DOI http://dx.doi.org/10.1002/pmic.201500049
Department(s) Microbiological Laboratory
VLAG
WIMEK
Publication type Refereed Article in a scientific journal
Publication year 2015
Keyword(s) Composition - Intestinal microbiota - Metaproteomics - Microbiology - Obesity
Abstract

Obesity is associated with the intestinal microbiota in humans but the underlying mechanisms are yet to be fully understood. Our previous phylogenetic study showed that the faecal microbiota profiles of nonobese versus obese and morbidly obese individuals differed. Here, we have extended this analysis with a characterization of the faecal metaproteome, in order to detect differences at a functional level.

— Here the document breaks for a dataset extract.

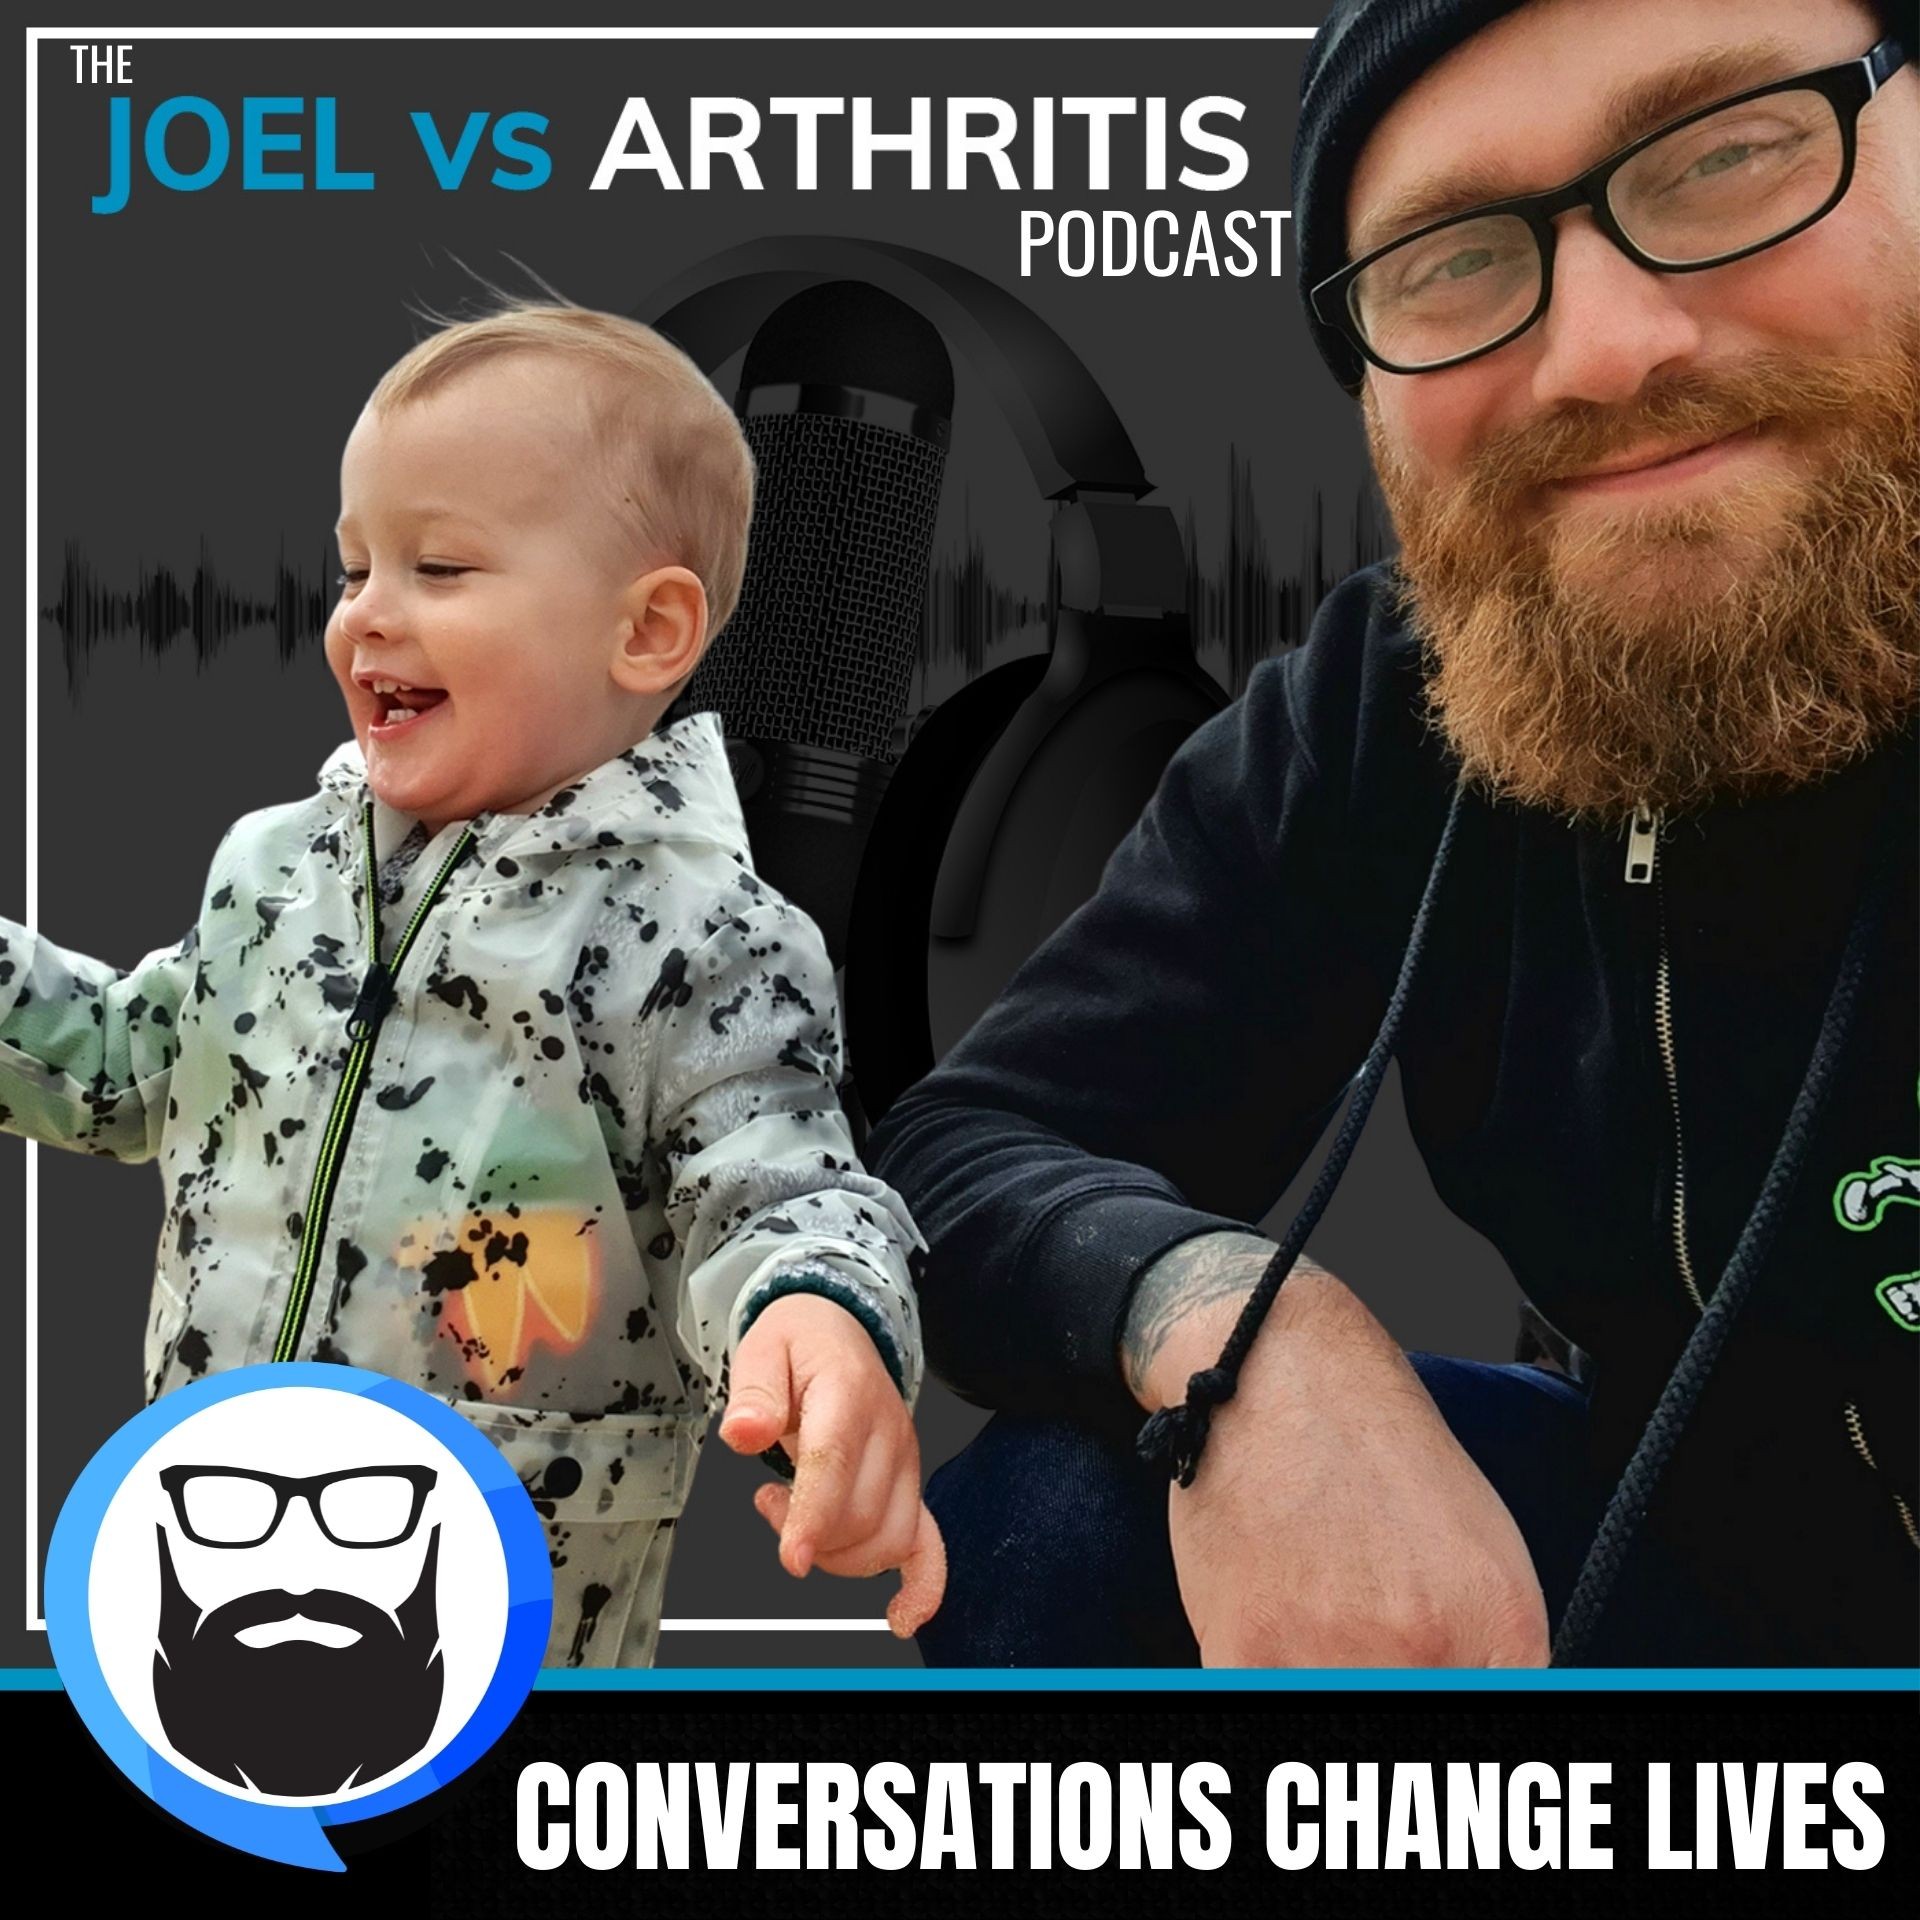 Joel vs Arthritis

Proteins were extracted from crude faecal samples of 29 subjects, separated by 1D gel electrophoresis and characterized using RP LC-MS/MS. The peptide data were analyzed in database searches with two complementary algorithms, OMSSA and X!Tandem, to increase the number of identifications. Evolutionary genealogy of genes: nonsupervised orthologous groups (EggNOG) database searches resulted in the functional annotation of over 90% of the identified microbial and human proteins. Based on both bacterial and human proteins, a clear clustering of obese and nonobese samples was obtained that exceeded the phylogenetic separation in dimension. Moreover, integration of the metaproteomics and phylogenetic datasets revealed notably that the phylum Bacteroidetes was metabolically more active in the obese than nonobese subjects. Finally, significant correlations between clinical measurements and bacterial gene functions were identified. This study emphasizes the importance of integrating data of the host and microbiota to understand their interactions.